Les 3 institutions gouvernement, CENI et CNSA se sont réunies au palais du peuple pendant 5 jours pour statuer sur l’évaluation du processus électoral en cours, en vue d’un report ou pas des élections et de la détermination de la durée de ce report, comme le prévoit l’accord du 31 décembre 2016.

Le communiqué sanctionnant la fin de ces assises du palais du peuple, repend plus de brouillards, sans apporter des éclaircissements sur le processus électoral, avec des exhortations, encouragements, en passant par des recommandations, sans oublier des appels et rappels.

La CENI qui a exigé 504 jours pour la tenue des élections, semble avoir obtenu le feu vert du gouvernement et du CNSA qui lui recommandent de poursuivre avec l’enrôlement au Kasaï, l’enrôlement des congolais de l’étranger et autres, « pendant autant de temps ».

Le temps derrière lequel devaient courir ces institutions est le grand absent de cette déclaration finale. En ce qui concerne le calendrier électoral tant attendu, gouvernement et CNSA ont simplement demandé à la commission électorale de publier le calendrier électoral « réaliste » sans dire quand.

Aucune contrainte temporelle non plus sur le gouvernement dans la mise à disposition des fonds pour la Commission électorale nationale indépendante afin qu’elle puisse parachever le processus électoral en cours.

Le Conseil national de suivi de l’accord du 31 décembre 2016 et du processus électoral a pour sa part brillé par sa passivité devant les faits.
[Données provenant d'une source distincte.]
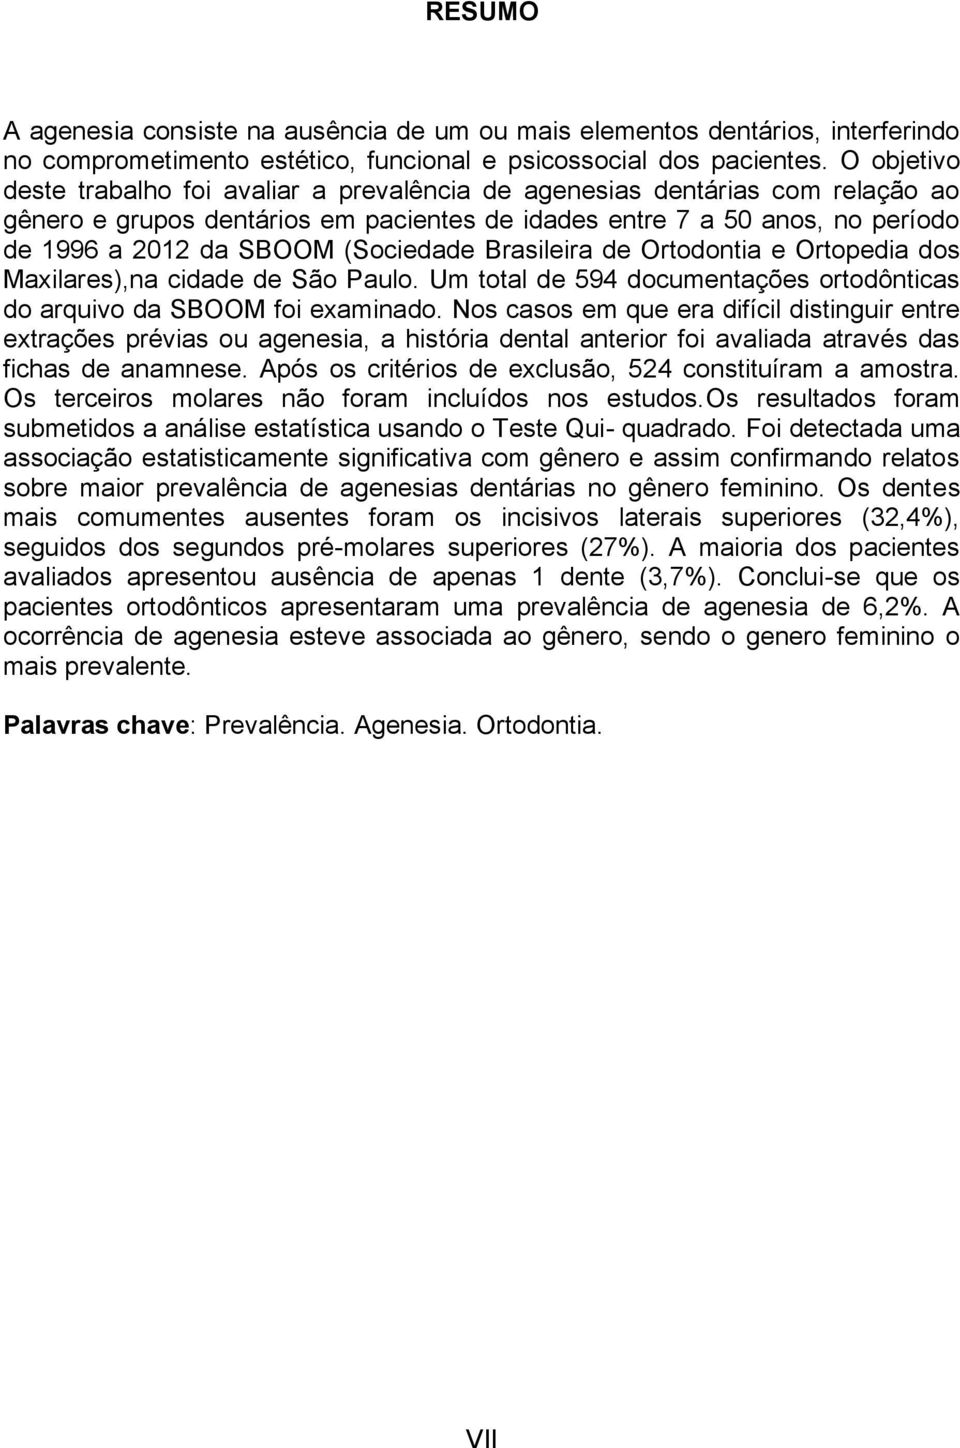 (Sociedade Brasileira de Ortodontia e Ortopedia dos Maxilares),na cidade de São Paulo. Um total de 594 documentações ortodônticas do arquivo da SBOOM foi examinado.

En apposant sa signature au bas de ce communiqué tel que rédigé, il s’est engagé à accompagner le gouvernement et la CENI dans leurs prévisions qui se distancient de plus en plus de l’accord de la Saint-Sylvestre.

De quoi sans doute mettre du sel sur la langue des tenants d’une « transition sans Joseph Kabila » qui vont inévitablement accroître la pression pour obtenir le départ de ce dernier. La crise tombée en hibernation grâce à l’accord, pourra encore cracher de la larve d’ici décembre 2017. L’avenir nous en révélera plus.